Life can be hard. That is an blanket statement by me because I have never actually experienced a hard life. I literally have no freaking clue what it feels like to be thirsty, hungry, or without shelter. I viewed the destruction in Haiti with a certain amount of empathy, but at the end of the day, it didn’t really affect me…just my Fantasy Beisbol team. I say that in jest because I’m really not the asshole that I just let on. Actually, I feel like villianizing myself a bit more.

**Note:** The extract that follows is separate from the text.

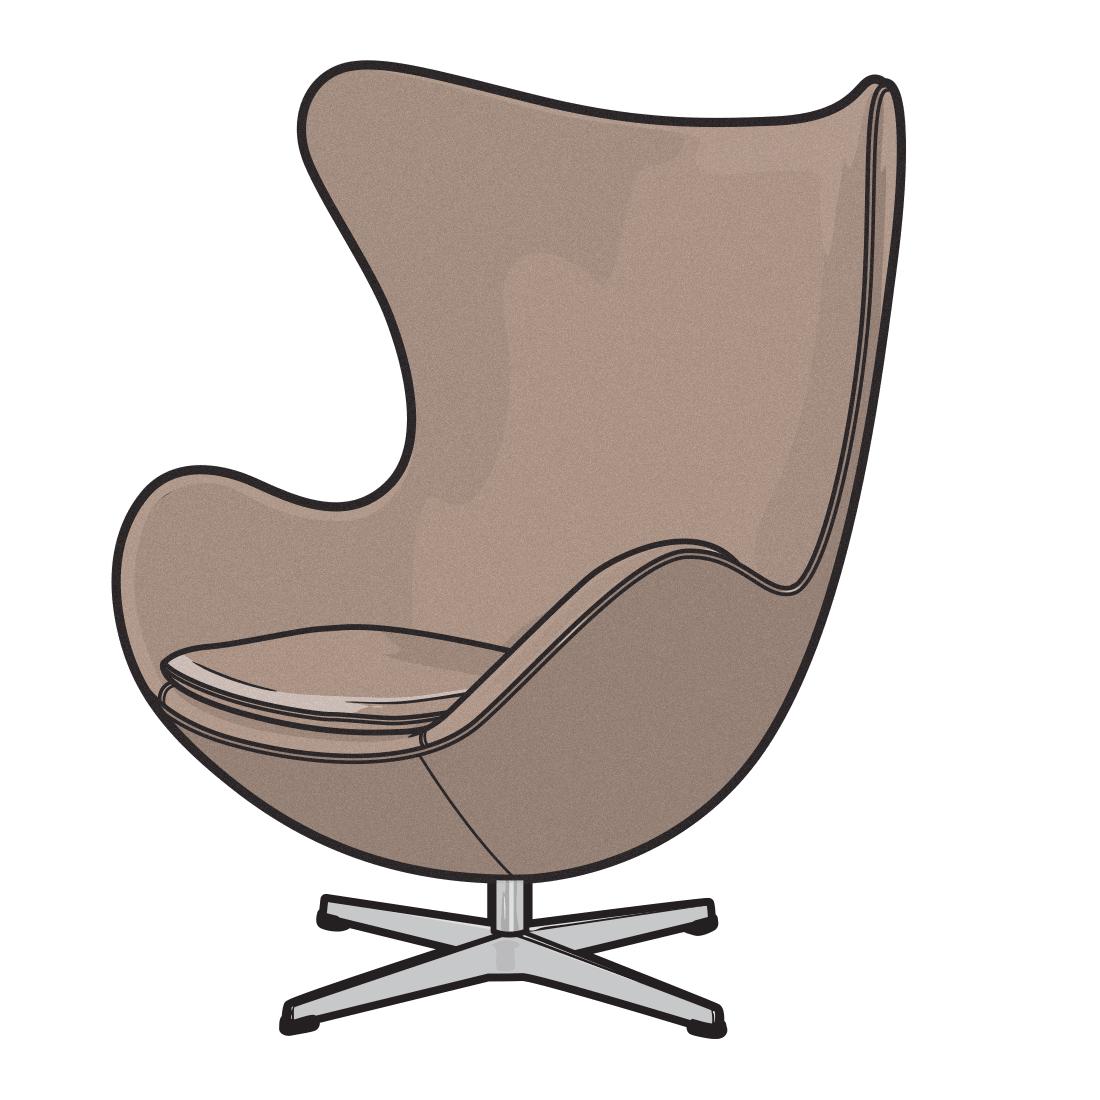 vector royalty free download Furniture illustration

Yeah, I texted 90999 to the American Red Cross to help Haiti…thankfully I will be able to sleep well on top of my cushy mattress where I will be able to cross the hall in case I need to use the restroom or walk downstairs in case I am feeling hungry, well…not even hungry, I just feel like eating. I will sleep well with an empty bladder and full stomach and the satisfaction that I took 5 seconds out of my lazy day to text 5 numbers to help people that would literally do anything to be in my predicament.
I feel utterly worthless. I was brought up in a society that champions hard work, selfishness, and greed. But wait…if I am a good person and go to Church, the good things that result in those attributes are considered blessings. I am completely fed up with the American Dream. “I went to grade school to go to middle school. I went to middle school to go to highschool. I went to highschool to go to college. I went to college to get a career. I got a career so I can retire. I retired so I can finally do all those things that I dreamed of doing when I was young and able.” How backwards is that!?
If anyone that read this actually donated to Haiti, I do not mean to put down those actions. This is just my weird way of dealing with this absurdly ridiculous society that we were born into. Money is the culprit, and now that I am running out of it, I see how worthless it really is.